Inside Painter Frederick Brown’s Vivid Studio


This story originally appeared in the August 1990 issue of ELLE DECOR. For more stories from our archives, subscribe at ELLE DECOR All Access.

Around midnight, the teeming streets of New York’s SoHo district, lined with art galleries, shops, bars and restaurants, finally begin to calm down, except for the streets near a particular block. . For nearly 20 years, late-night passers-by have been able to make out the faint but raucous sound of blues blasted out – Muddy Waters, Huddie Ledbetter, Howlin’ Wolf – spilling into the urban night from the loft that houses the painter’s studio and living quarters. Frederic Brown.

Inside, in the spacious studio that Brown dug out of a 19th-century industrial space, the scene resembles a layman’s fantasy of bohemian life: while music blares from a good-sized stereo, Brown paints one of the portraits of blues musicians that make up his final completed series, taking the occasional downtime to banter with the friends lounging on his decidedly functional furniture – drinking, talking about art and music. As in most painters’ studios, finished canvases and work in progress litter every available surface, leaning against walls, stacked in shelves, and stacked on tables. Despite the laid-back setting, Brown works at a brisk pace, often on several tables at once. Beyond the studio’s entrance hall, in a gated dwelling, Brown’s family – his wife Megan Bowman and their daughter, Sebastienne – sleep as the painting party continues into the early hours.
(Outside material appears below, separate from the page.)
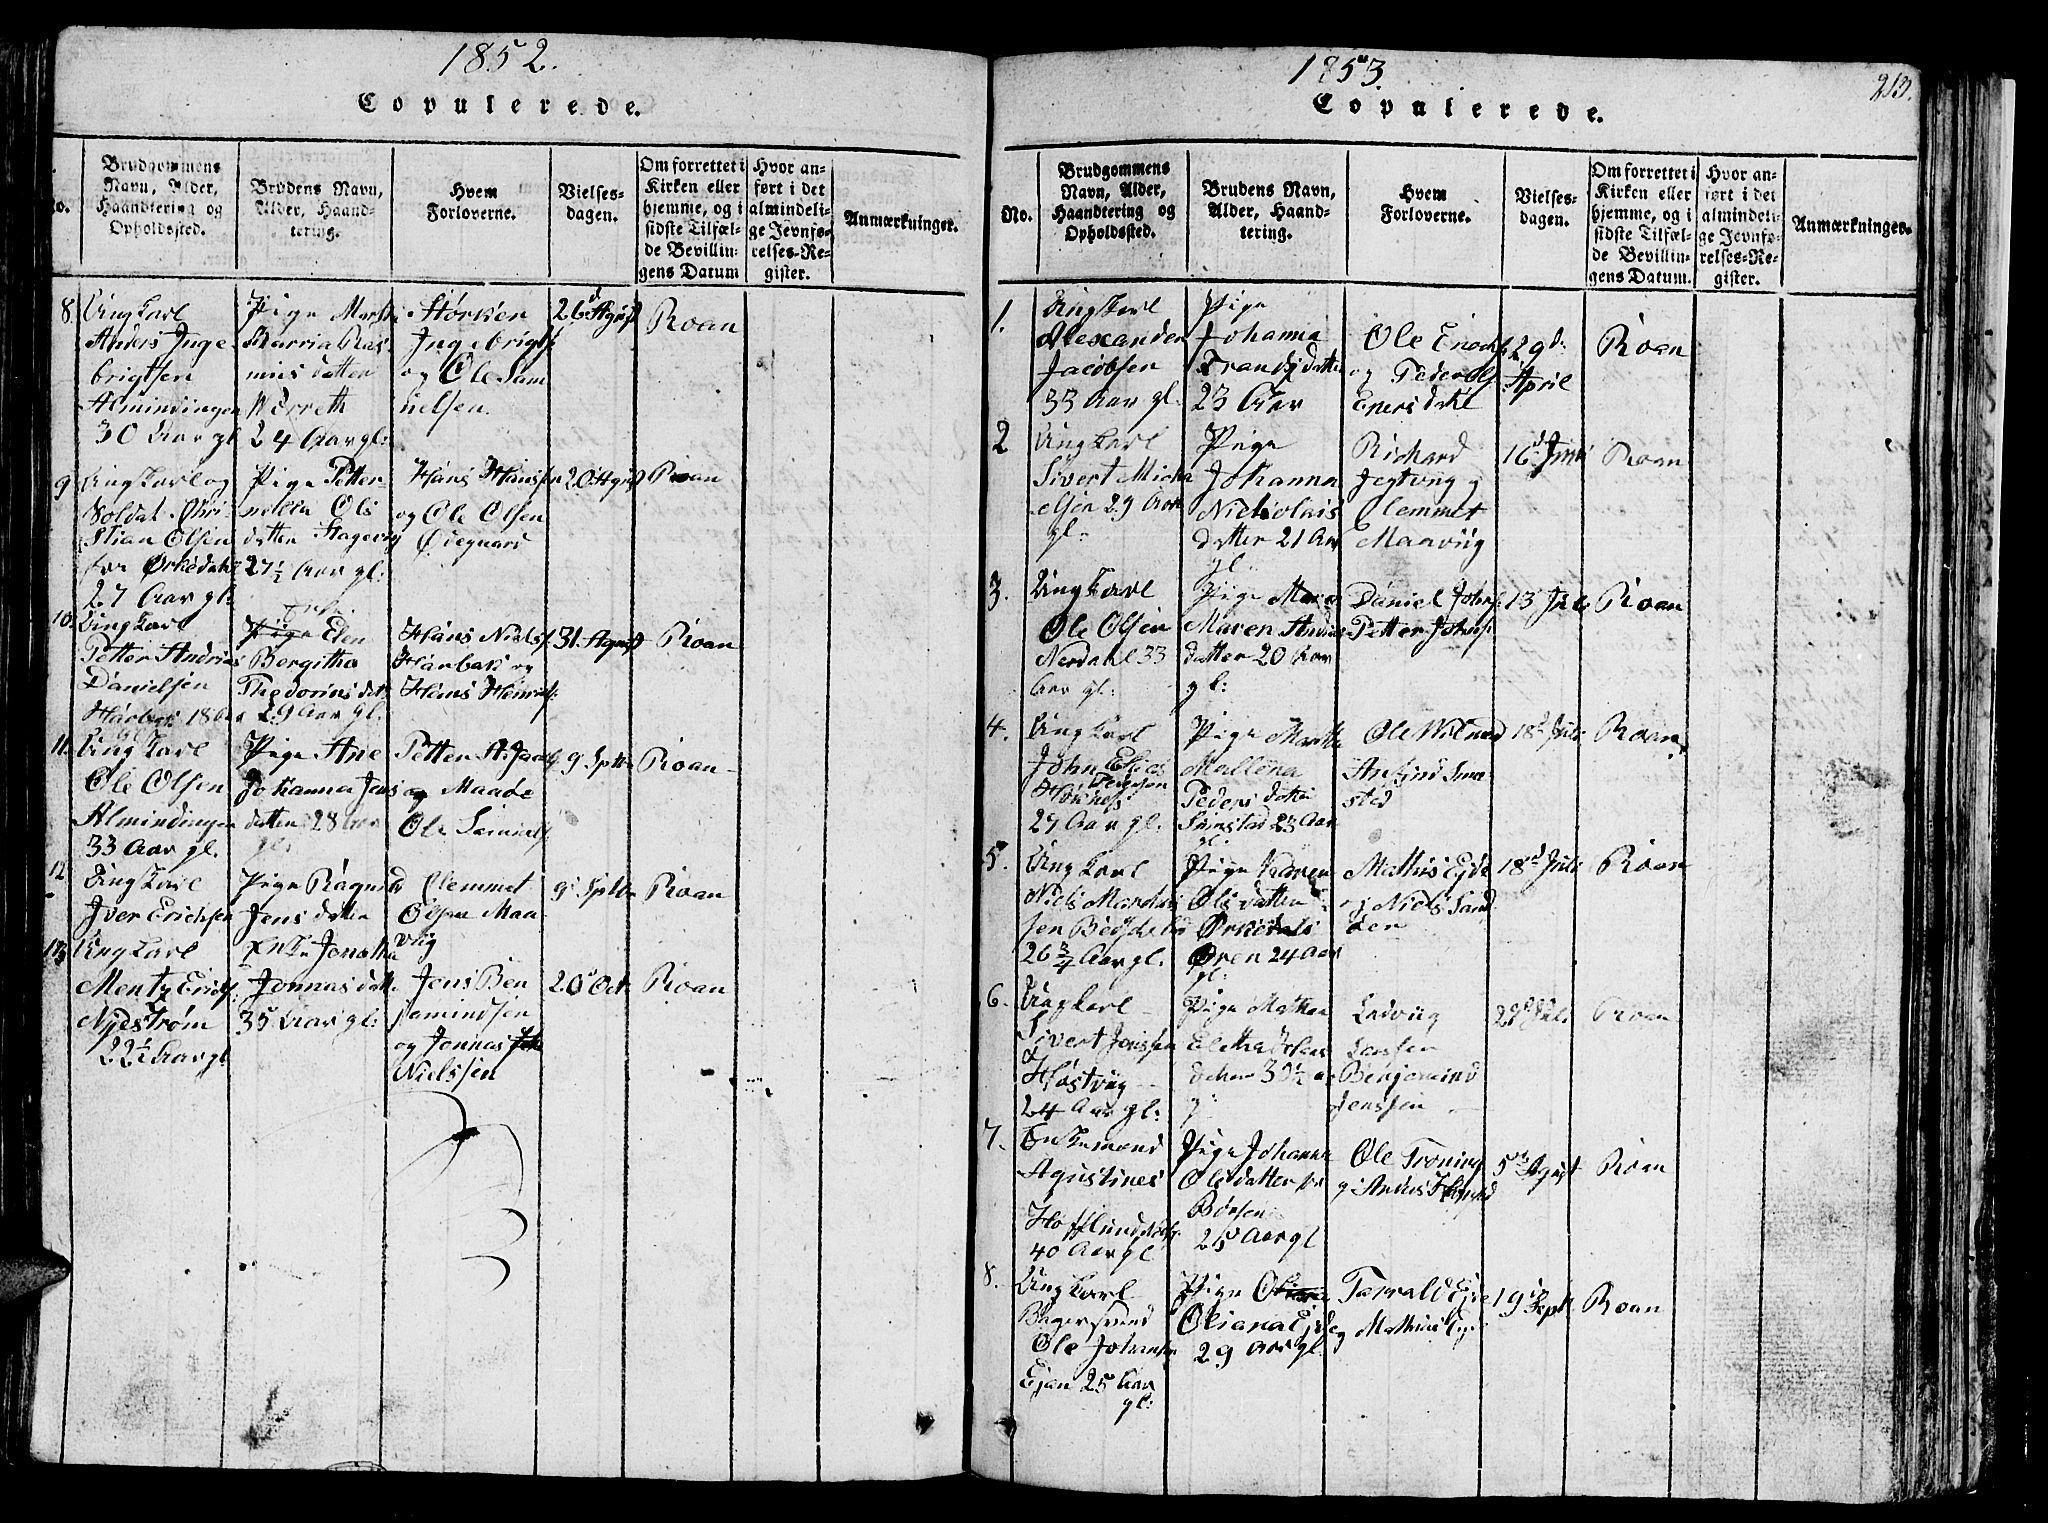 SAT, Ministerialprotokoller, klokkerbøker og fødselsregistre - Sør-Trøndelag, 657/L0714: Klokkerbok nr. 657C01, 1818-1868, s. 213
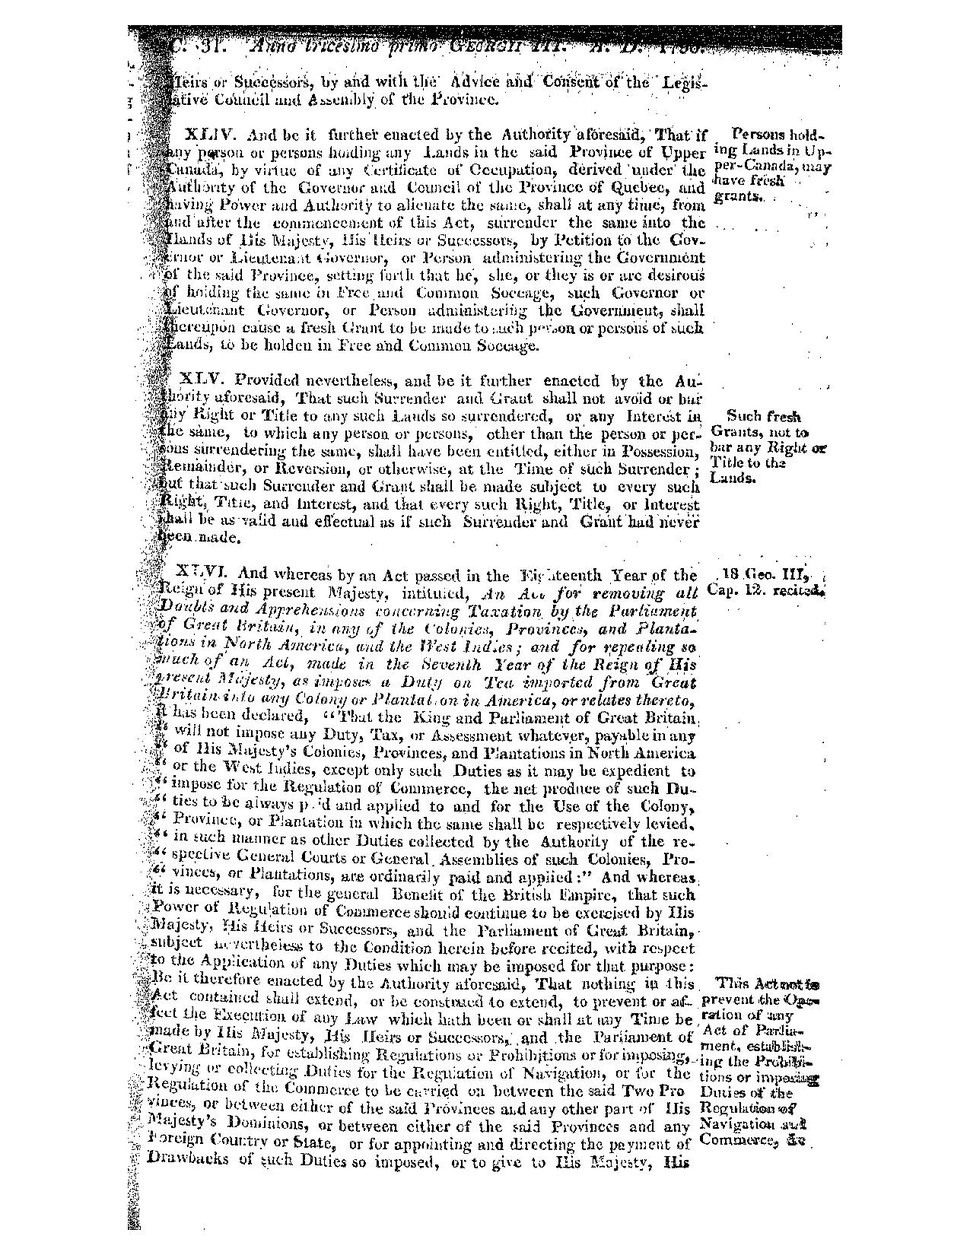 Constitutional Act 1791.pdf

by Frederick Brown junior well, a portrait of the famous blues musician.

Since 1970, when he moved to New York, Brown has worked this way, hosting late-night painting marathons like informal jam sessions. “After midnight, this is where creative minds break free,” explains the painter. However, the installation takes on a particular resonance with the series of portraits of blues musicians that Brown has been producing for the past two years. The quietly festive and extremely sociable vibe seems particularly in tune with the blues vibe. And Brown uses music to invoke something from the spirit of his subjects: “I don’t paint from life – since most of them are dead, I work from photographs – and I need something to fill in the outline. I have the impression of creating a painted body that the spirit will inhabit. I’m trying to get a feeling rather than just a likeness.


From Brown’s Blues series, The pianists Features (from left to right): Ray Charles, Charles Roosevelt Sykes, Memphis Slim and Count Basie.

Not that the artist needed much prodding to tackle bluesmen as a subject. Originally from Chicago, he grew up on the famous South Side, with music and its creators as his local culture. “I thought the blues was the reason for life,” he explains. After earning a degree in art and psychology in Illinois, Brown moved to New York, where he met jazz musician Ornette Coleman. In a warm-up to his current work, Brown often painted in Coleman’s SoHo loft, an early meeting place for the region’s growing community of avant-garde musicians and artists, while Coleman’s band repeating. In New York, Brown also met his “artistic godfather”, Willem de Kooning, who encouraged him in his 70s take on the classic Abstract Expressionist style. Before long, Brown was appearing regularly at a top-notch gallery (Marlborough) and had works included in the collections of the Metropolitan Museum of Art and the White House.

“I have the impression of creating a painted body that the spirit will inhabit.”

Brown’s most recent artistic breakthrough, however, has been away from New York and closer to his spiritual home. On a trip two years ago to the Mississippi Delta with a friend to research a documentary project about blues singers, the artist found himself imbued with the sentiment of blues culture. He meets local characters like Wade Walton, the old Clarksdale griot, who regales him with the stories and folklore that fuel the still-living blues. The adventure struck a chord with Brown, who had spent little time in the South despite having part of his family from Georgia. “I felt like I came home in a big way,” he says.

portrait of fred brown

Brown stands in front of her work Sensei Urban.

The resulting series of portraits in a gripping panorama of the black artistic experience in America and Brown’s reassessment of her place within it. Although American popular music is unimaginable without the influence of the blues, its creators still receive less than their due credit. Does Brown feel the same? “I never tried to be just a ‘black’ artist,” he says, “and I hardly feel ignored by the art world. There is no doubt, however, that a group of black performers, like these blues musicians, pay too much dues.

bird brain

bird brain, from Brown’s Clown series.

Ever the optimist, Brown never misses an opportunity to turn even problematic experience into positive art. During a visit to his daughter in a New York hospital before his departure for Arizona (where he has a house and a studio), he is struck by the greyness of the institutional decor. His response was a new series of clown paintings: “I just tried to think of what would make sick children laugh.”

Some of the works are to be enlarged into murals and donated to hospitals to enliven the empty walls. Brown is also planning a line of clown t-shirts and pillowcases, the proceeds of which would buy drugs for children’s hospitals. For Brown, such connections are part of what art is: “I want art to include life, the way I thought the the blues defined everything.”